Is heat the result of a vibratory motion of molecules? If this is so, quantity of heat is simply quantity of motive power. As long as motive power is employed to produce vibratory movements, the quantity of heat must be unchangeable; which seems to follow from experiments with the calorimeter; but when it passes into movements of sensible extent, the quantity of heat can no longer remain constant.
Can examples be found of the production of motive power with actual consumption of heat? It seems that we may find production of heat with consumption of motive power (re-entrance of the air into a vacuum, for example).
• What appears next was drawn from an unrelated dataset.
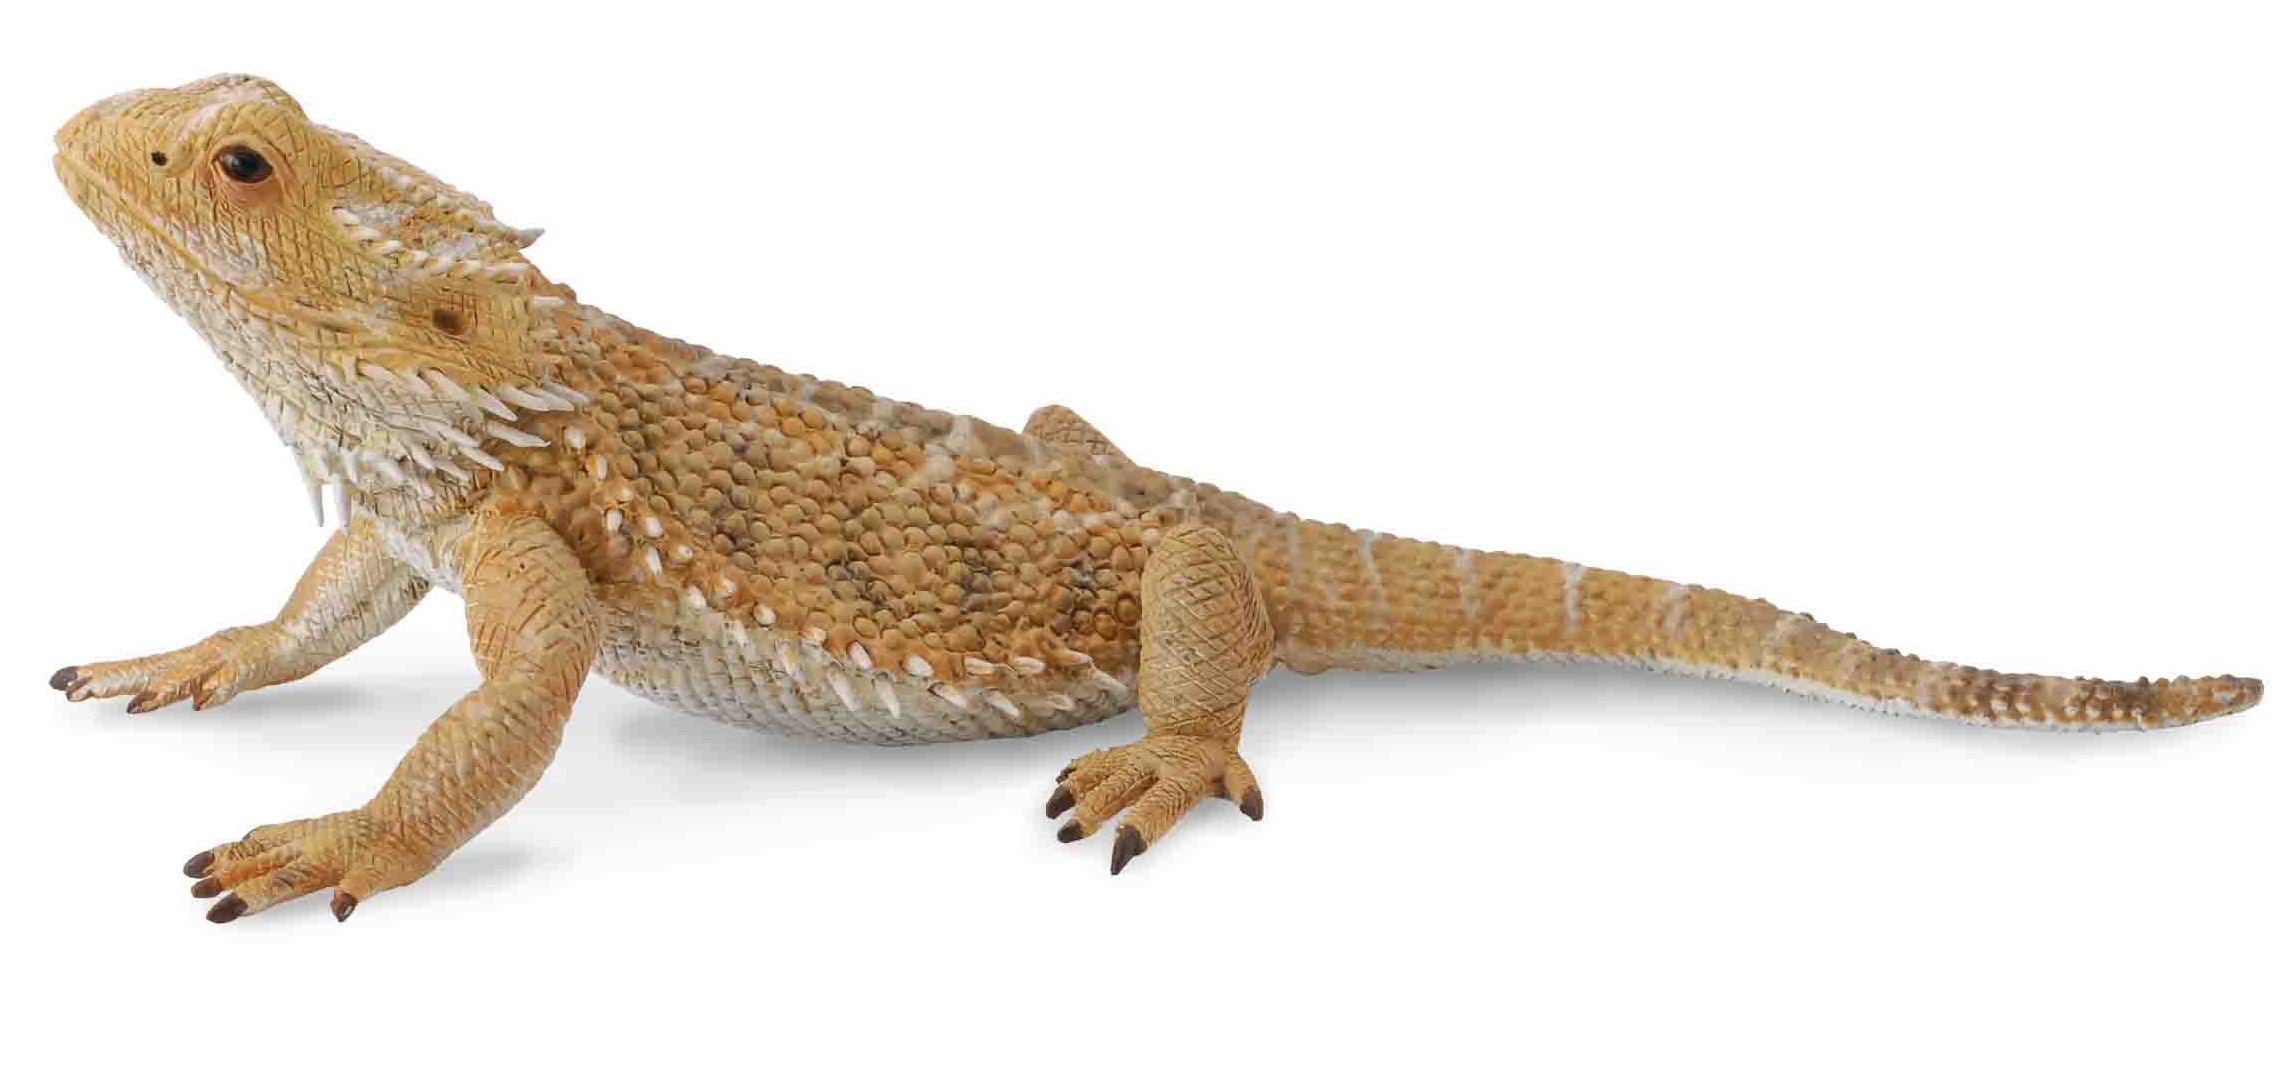 Beardead Dragon Lizard 88567b - Чебоксары

What is the cause of the production of heat in combinations of substances? What is radiant caloric?
Liquefaction of bodies, solidification of liquids, crystallization—are they not forms of combinations of integrant molecules?
Supposing heat due to a vibratory movement, how can the passage from the solid or the liquid to the gaseous state be explained?
When motive power is produced by the passage of heat from the body A to the body B, is the quantity of this heat which arrives at B (if it is not the same as that which has been taken from A, if a portion has really been consumed to produce motive power) the same whatever may be the substance employed to realize the motive power?
Is there any way of using more heat in the production of motive power, and of causing less to reach the body B? Could we even utilize it entirely, allowing none to go to the body B? If this were possible, motive power could be created without consumption of combustible, and by mere destruction of the heat of bodies.
Should have been
What is actually going on?
I think this is the unicorn forest Matt always talks about.The added energy has increased pressure, but temperature? Possibly, but this is apparently not essential. So how, or in what way is the engine "running on" i.e. powered by a temperature difference?